Container size compared to zero¶
ID: java/test-for-negative-container-size
Kind: problem
Security severity:
Severity: warning
Precision: very-high
Tags:
- reliability
- correctness
- logic
Query suites:
- java-security-and-quality.qls
Click to see the query in the CodeQL repository
A map, collection, string or array will always have size of at least zero. Checking that an object of one of these types has size greater than or equal to zero will always be true, while checking that it has size less than zero will always be false.
Recommendation¶
For collections, maps and strings, if the intention was to check whether the object was empty, is it preferred to use the isEmpty() method. For arrays, check that the length field is greater than (not equal to) zero.
Example¶
The following example shows creation of a file guarded by comparison of a string length with zero.

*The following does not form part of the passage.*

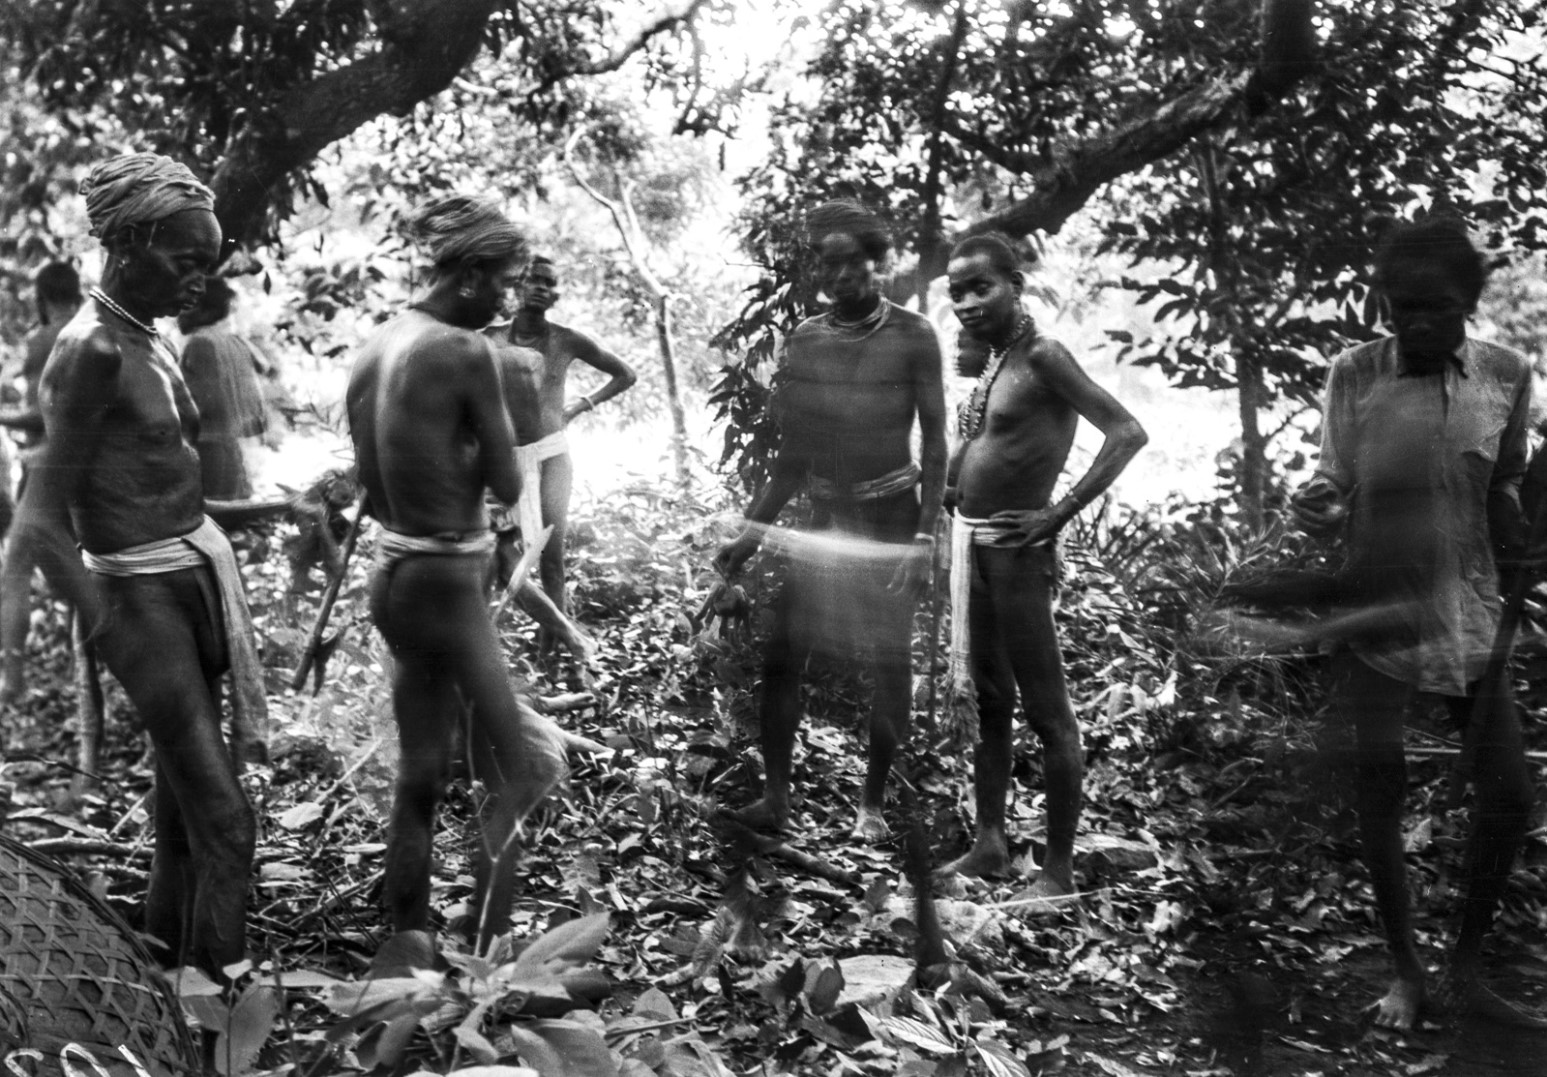 752. Орисса. Группа мужчин во время церемонии жертвоприношения

This can result in the attempted creation of a file with an empty name.
import java.io.File;
class ContainerSizeCmpZero
{
private static File MakeFile(String filename) {
if(filename != null && filename.length() >= 0) {
return new File(filename);
}
return new File("default.name");
}
}
In the following revised example, the check against zero has been replaced with a call to isEmpty(). This correctly guards against the attempted creation of a file with an empty name.
import java.io.File;
class ContainerSizeCmpZero
{
private static File MakeFile(String filename) {
if(filename != null && !filename.isEmpty()) {
return new File(filename);
}
return new File("default.name");
}
}
References¶
Java API Specification: Collection.isEmpty(), Map.isEmpty(), String.isEmpty().